First Flight is high on action and plot, but sadly light on character. However, I can't blame them too much. They have a product to sell, and more likely than not, youngsters and teens are picking these up to see some planetary explosions and aliens doing universe-saving deeds. So plot, not exactly high on the top of their list. Still, it was fun, and the story is highly intriguing, so I demand sequel.
Cast (v): Fred Tatasciore, Bryce Johnson, Steven Blum, Matthew Wolf, Nolan North
Writer: Craig Kyle & Christopher Yost
Director: Frank Paur & Sam Liu
Release: 27 January 2009
Marvel Animation, 82 mins., Rated PG-13
A title with "VS." in the title has a certain league of battleage that it needs to match in order to meet expectations. "VS." as in King Kong vs. Godzilla, Freddy vs. Jason, Somebody vs. Somebody Else that I Don't Know [not a actual movie title], etc., etc. And holy potatoes, Hulk vs. matches expectations many times over, and even offered elements that were very welcomed.

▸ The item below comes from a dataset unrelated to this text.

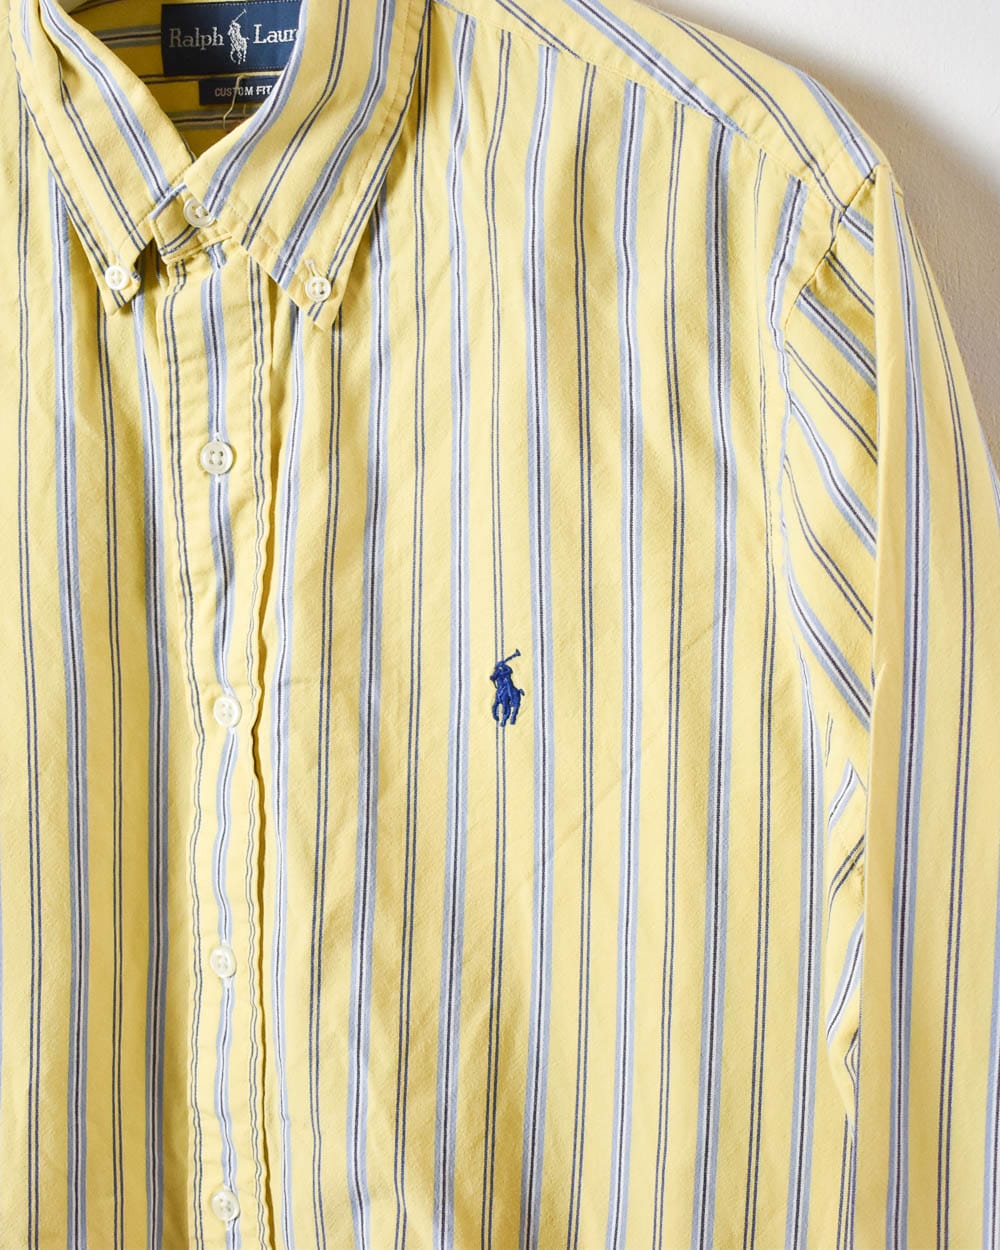 Yellow Polo Ralph Lauren Striped Shirt - Large

First up, "Hulk vs. Thor." That was EPIC! Just judging this story as a stand-alone, pushing "Hulk vs. Wolervine" out of my mind, the second installment had a lot to live up to. It's not just a mano-a-mano fight to the death between The Hulk and Thor, it integrates and ties all these multitude of elements - Odin's sleep, Loki's rebellious nation, Hela and the Underworld, Thor's issues with all manner of mortals, immortals, and Gods - into one pleasant, cohesive, and all around EPIC storyline. [My apologies for tossing around the word EPIC a bazillion times; I just can't think of another way to describe how massive this story is] This is a brutal battle, with the rage-fueled Hulk, the puppet of the God Loki who wants Thor out of the way, pulverizing the Norse God to the brink of death.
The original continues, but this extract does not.